7. The ambient air freezing system according to claim 5, wherein said cooling chamber further comprises a valve connecting said chamber input and return with said chilled air output and the expander input, said valve selectively disconnecting said cooling chamber from the system and thereby enabling the system to charge up to full capacity.
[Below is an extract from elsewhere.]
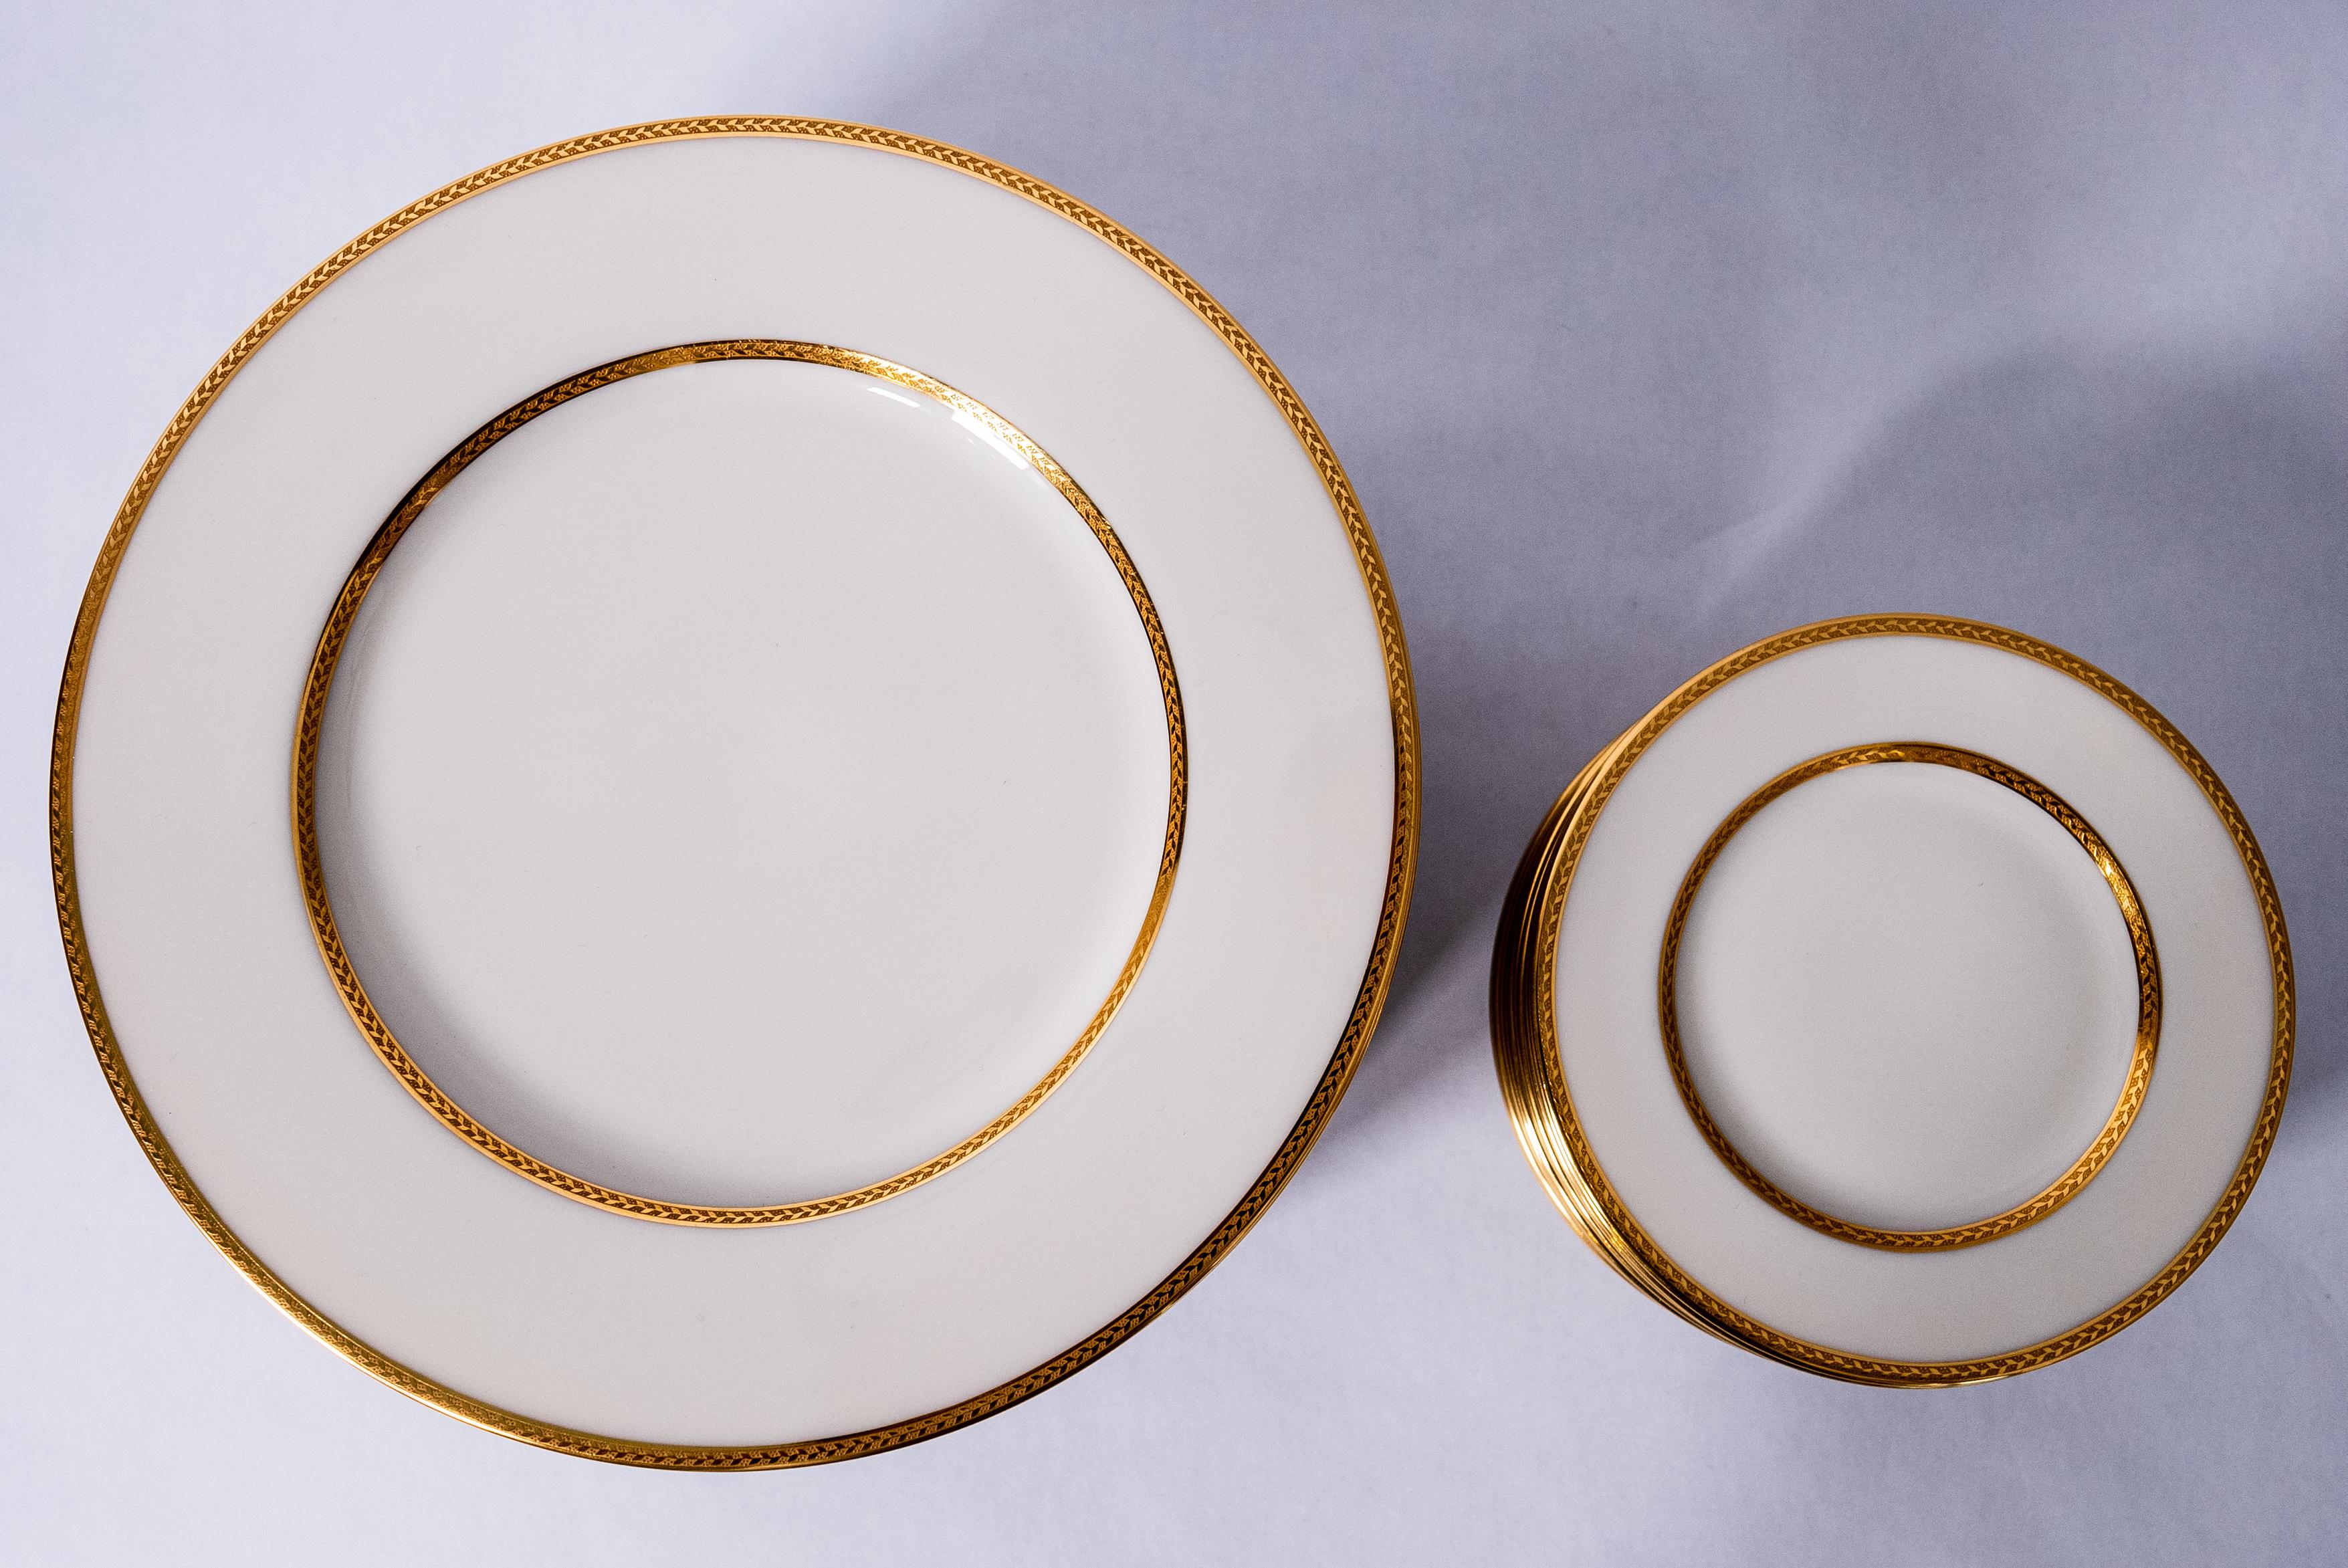 From one of America's oldest porcelain manufacturers i this custom ordered grouping from the fine Gilded Age Retailer of Marshall Fields Chicago. This set features 12 generous dinner plates and 12 side or bread plates. Crisp white porcelain and

8. A process for cooling ambient air to cryogenic temperature levels for introduction into a cooling chamber comprising the steps of:

i. inputting ambient air into a first regenerator;

ii. cycling the input air into an expander;

iii. expanding the air to 0.5 atmosphere;

iv. cycling the expanded air into a second regenerator;

v. removing the expanded air from the second regenerator after the packing therein has been chilled;

vi. compressing the removed expanded air from the first regenerator to 1 atmosphere;

vii. exhausting the recompressed air from the first regenerator out of the system;

viii. inputting ambient air into the second regenerator;

ix. cycling the air cooled by the second regenerator into the expander, so that the cooled air is expanded to 0.5 atmosphere;

x. cycling the expanded air into the first regenerator;

xi. removing the expanded air from the first regenerator after the packing has been chilled;

xii. compressing the removed expanded air from the first regenerator to 1 atmosphere;

xiii. outputting the chilled ambient air into a freezer or other cooling chamber; and

wherein the performing of steps viii-xiii begins after step v is complete and simultaneously with steps vi and vii, and the entire process is repeated multiple times to produce chilled air in the cryogenic temperature range.